Chronique de l’oncle Raoul #7 : les pieds dans l’eau, la tête dans les nuages

Chronique de l’oncle Raoul
Les pieds dans l'eau... - © Sauve qui peut le court métrage, Rémi Boissau

Carton plein pour le premier Ciné-piscine. Grosse affluence et quelques déçus de ne pas avoir pu patauger faute de places disponibles. Cette nouveauté clermontoise excite déjà les convoitises et on murmure que le festival d’Aix-en-Provence compte se jeter à l’eau dès sa prochaine édition. Ayant déjà vu tous les films, je me suis contenté de soutenir Vincent qui a bien mouillé son maillot pour que cette séance spéciale existe.

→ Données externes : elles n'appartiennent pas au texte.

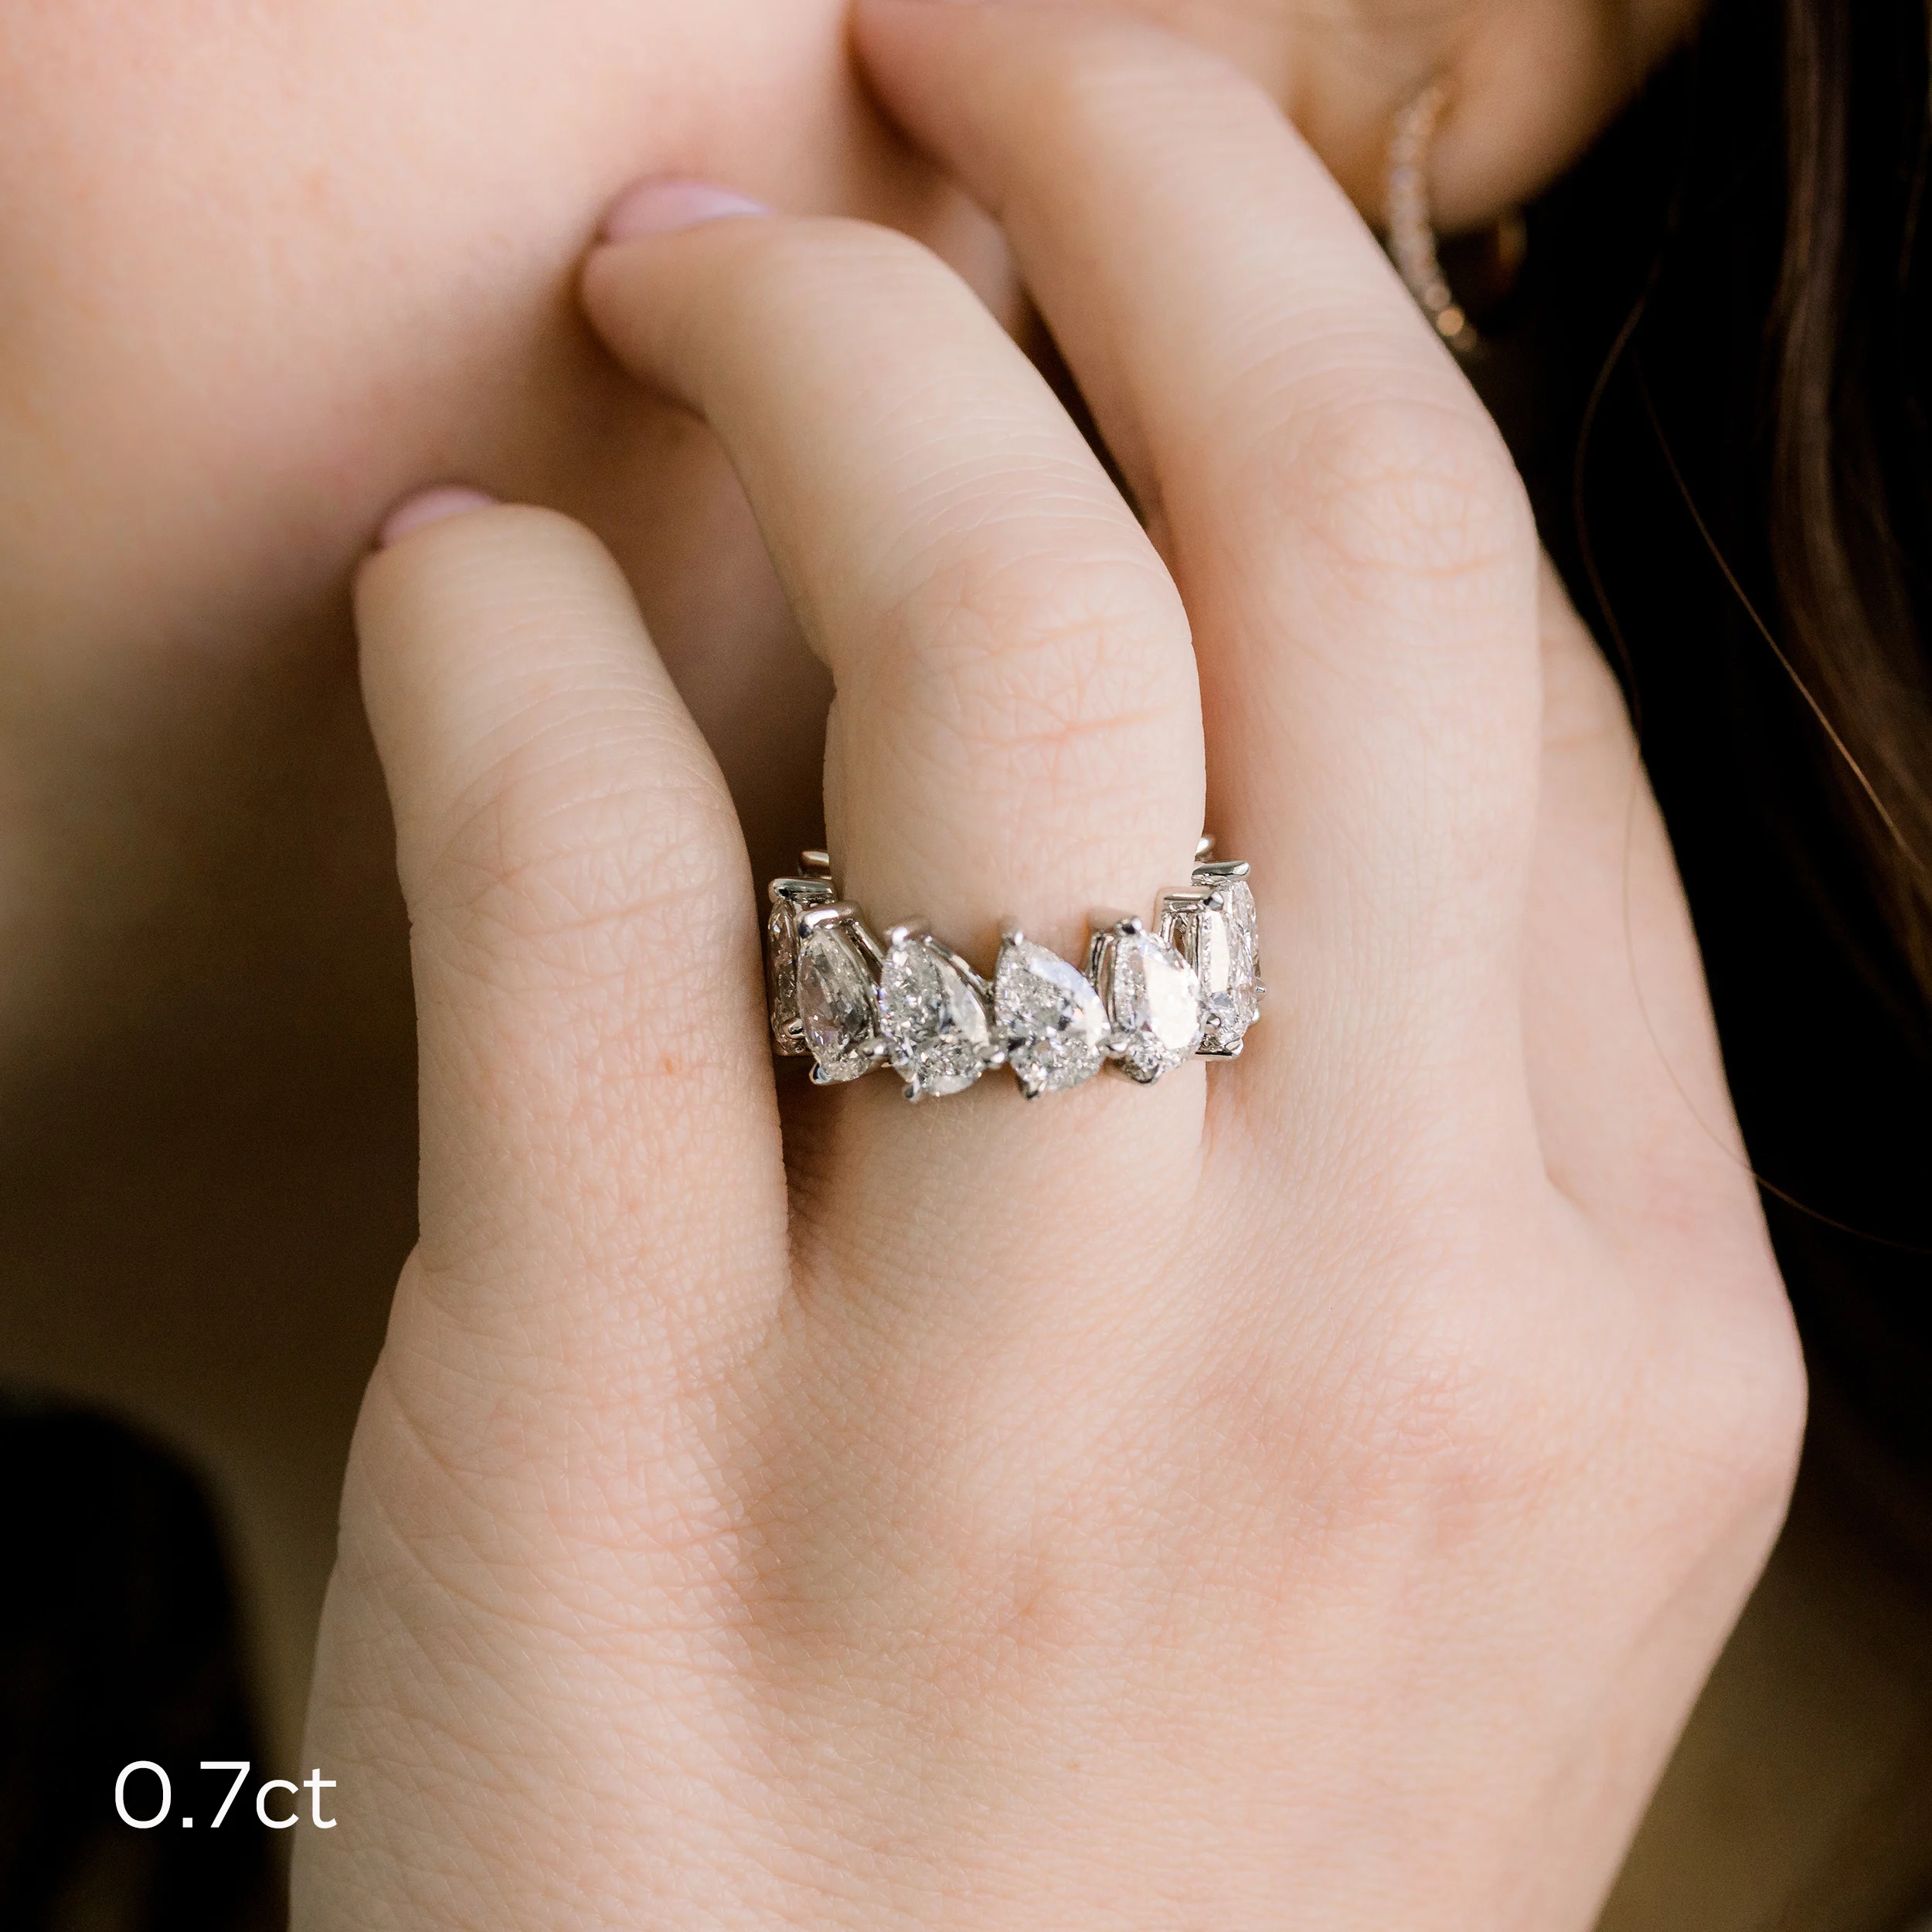 9.0 ct Lab Grown Diamonds set in Platinum Pear Angled Eternity Band in Platinum 9ctw (Main View)

Jeudi et vendredi, je n’ai pas vu passer les journées tout en n’ayant vu que deux programmes : un passage à Court d’histoire avec un film de Cartier (-Bresson) sur la guerre d’Espagne et un international assez diversifié avec un docu animé, un bon petit polar voire deux avec le film égyptien qui, tout en se référant à la situation insurrectionnelle de l’Egypte, adopte une forme polar avec un personnage masculin extrêmement bien campé. Avec Stéphane j’ai fait aussi un saut dans une séance française pour voir Ennui, ennui (F10) tourné en Auvergne. Un véritable ovni. Donc, au final, pas beaucoup de séances. Qu’ai-je donc foutu le reste du temps ? Beaucoup de rencontres, des repas entre amis, des visites « privées » des expos Iluminación à la Loupiote et Ça, c’est original à la Chose typo, une signature de Lieux communs et d’Une petite histoire du cinéma à l’usage d’une amie cinéphile à la boutique du festival, un petit tour à la fête Canal sans me faire piquer mes affaires comme Diane. La routine quoi… Et c’est déjà le début de la fin du festival 2014.